En el Manual para padres “SOS tengo un hijo adolescente” se plantean dos pasos fundamentales que los padres tienen que poner en practica sobre todo respecto a los hijos adolescentes “Primero, abandonar la responsabilidad de esas cuestiones (las cosas con las que los padres suelen estar molestos, como que el hijo no estudia, no participa de las tareas domésticas o no cumple los horarios). Segundo, aprende a confiar en que tu hijo puede tomar y tomará las decisiones adecuadas para él y hazle saber que confías en él.” Quien delega en ti la responsabilidad de hacer el camino ya confía en que puedes hacerlo, y aún no confiando internamente del todo, sólo con que lo muestre estando dispuesto a embarcarse en esa actividad contigo es suficiente para que lo realices. Uno de los aspectos que más me sorprendió de este manual es la correlación que existe entre lo que los padres suelen pensar de los hijos con los que tienen dificultades y los propios pensamientos que los hijos en consecuencia mantienen de sí mismos. Así, si los padres creen “Soy responsable de lo que haga mi hijo” el hijo cree “Papá (ó mamá) es responsable de lo que yo haga; yo no soy responsable de mis actos” si los padres creen “No lo hará” el hijo está convencido de “No lo haré” y un largo etcétera de creencias que padres e hijos comparten y les mantienen en el círculo vicioso de la dependencia.

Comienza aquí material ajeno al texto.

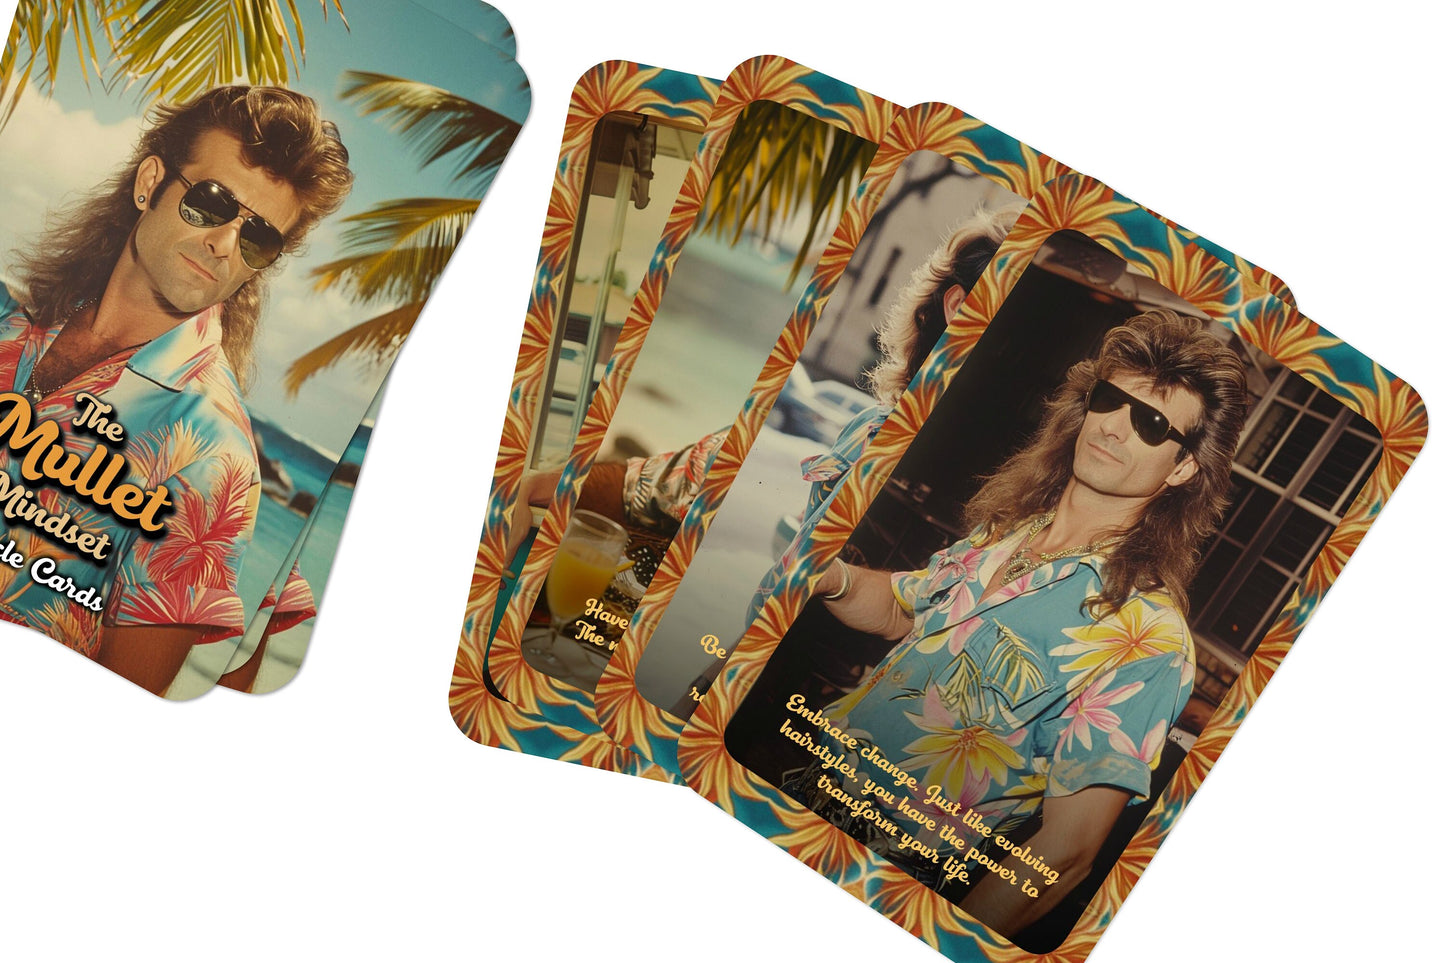 The Mullet Mindset - 80's Oracle Cards - 22 Cards - Novelty Gift

Cuando experimentas el regalo de la confianza que otro ser humano deposita en ti y descubres que tu mente te estaba engañando, cuando puedes admirar el paisaje desde la cumbre, cuando miras para atrás y ves el recorrido que ya has realizado, cuando vuelves al inicio y cuentas con la certeza de tu propia experiencia…, es entonces cuando notas como la semilla de la propia confianza empieza a germinar y sabes con certeza que puedes.